Artigo 3.º Princípios orientadores da, execução

1 - A execução das penas e medidas privativas da liberdade assegura o respeito pela dignidade da pessoa humana e pelos demais princípios fundamentais consagrados na Constituição da República Portuguesa, nos instrumentos de direito internacional e nas leis.

2 - A execução respeita a personalidade do recluso e os seus direitos e interesses jurídicos não afectados pela sentença condenatória ou decisão de aplicação de medida privativa da liberdade.

3 - A execução é imparcial e não pode privilegiar, beneficiar, prejudicar, privar de qualquer direito ou isentar de qualquer dever nenhum recluso, nomeadamente em razão do sexo, raça, língua, território de origem, nacionalidade, origem étnica, religião, convicções políticas ou ideológicas, instrução, situação económica, condição social ou orientação sexual.

4 - A execução respeita os princípios da especialização e da individualização do tratamento prisional do recluso, sem prejuízo do disposto no número anterior,

5 - A execução, na medida do possível, evita as consequências nocivas da privação da liberdade e aproxima-se das condições benéficas da vida em comunidade.

6 -A execução promove o sentido de responsabilidade do recluso, estimulando-o a participar no planeamento e na execução do seu /rolamento prisional e no seu processo de reinserção social, nomeadamente através de ensino, formação, trabalho e programas.

7 - A execução realiza-se, na medida do possível, em cooperação com a comunidade.

O ambiente vivido no Estabelecimento Prisional ..., junto com os demais reclusos, não é propicio para alcançar as finalidades definidas pela lei e que devem ser apanágio de qualquer decisão judicial - a reinserção/recuperação e cura do recluso.

Encontra-se o aqui recluso num estabelecimento prisional incompatível com a medida de internamento. Aliás é patente que a repetição dos argumentos para a manutenção das medidas de segurança, há mais de vinte anos é prova da inexistência ou ineficácia destas, sendo por isso tal privação de liberdade ilícita e ilegal.

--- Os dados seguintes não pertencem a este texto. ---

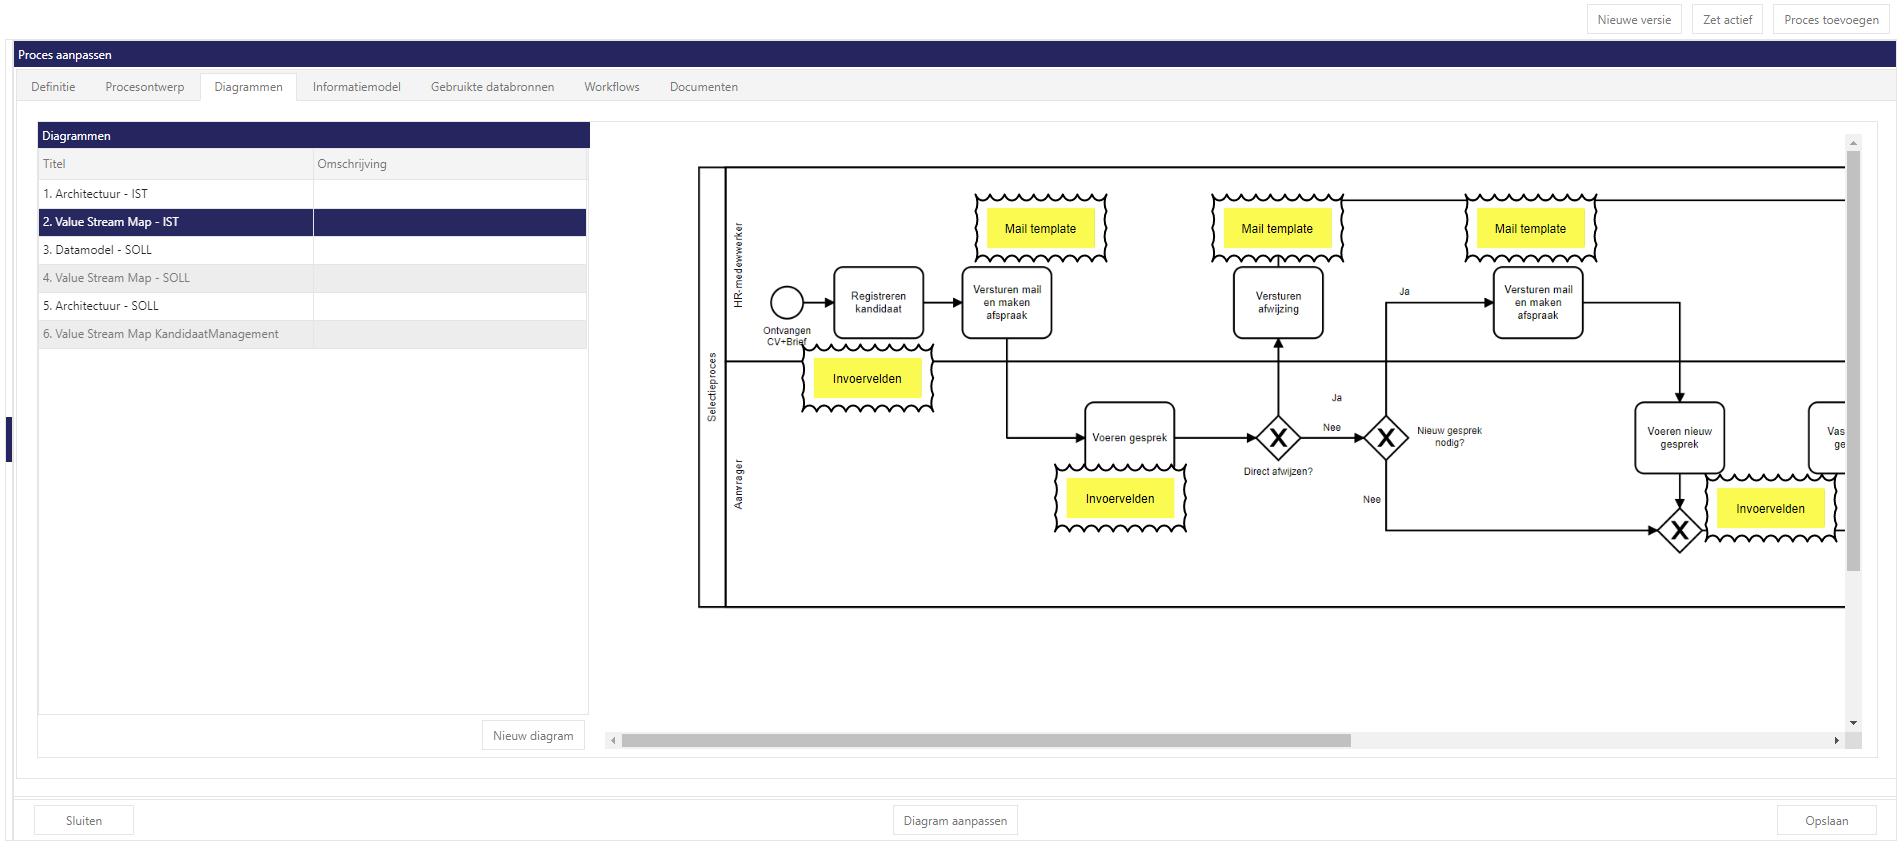 Siderian Cloud BPM - Diagrammen

Sendo tal estabelecimento inadequado ao fim das medidas que o TEP. determinou, considera-se que a decisão de manter o recluso naquele estabelecimento um "abuso de direito" praticado por aquele órgão jurisdicional, privando de liberdade um cidadão que, para alem de não ter cadastro, não deve ter qualquer relação com o sistema prisional comum, sob pena de estar colocada em causa a sua cura ou reinserção.

Isto porque, segundo a decisão de renovação das medidas proferida pelo TEP, este necessita de tratamento diferenciado dos demais, atento a que estamos perante um cidadão, segundo os relatórios, que tem problemas de origem psiquiátrica - com uma personagem impulsiva e agressiva, controlada face à medicação. Não cessando, o estado de inimputabilidade e de perigosidade criminal que deu origem ao internamento (dado que opera inexistências de garantia de diminuição de repetição de ilícitos), força a reiteração do status quo processual do internando.

Imputação se afigura totalmente desacertada e que se impugna para todos os efeitos ilegais, pois o aqui peticionante não tem qualquer acto ou ilícito, disciplinar ou criminal, praticado dentro (e fora obviamente) daquele estabelecimento desde o ano de 2004 (em ...). Pelo que não existe qualquer fundamento para a manutenção e renovação da medida de segurança, ainda que aqui não esteja em causa tal apreciação.

Como também, e face a tal injustiça (da manutenção do recluso fora do quadro legal), com as diferentes manifestações de "afronta à justiça", é erradamente considerado pelos técnicos como "real consequência da sua doença", desconhecendo talvez que, para alem do exercício do direito de liberdade de expressão e pensamento (que não lhe foi retirado)., estamos perante alguém que se sente revoltado contra o justiça que o manteve num sistema prisional em cumprimento de uma pena que ultrapassa largamente a culpa, com referência [ao] ilícito praticado.

Pelo que [a] manutenção do aqui peticionante naquele estabelecimento prisional é ilegal, e não se trata de uma irregularidade, mas da manutenção, por decisão judicial reiterada no tempo, de um cidadão de forma ilícita, num local inadequado, incapaz de promover a cura do cidadão denominado perigoso e que justificou a "declaração de inimputabilidade", que não consta averbada no seu registo criminal.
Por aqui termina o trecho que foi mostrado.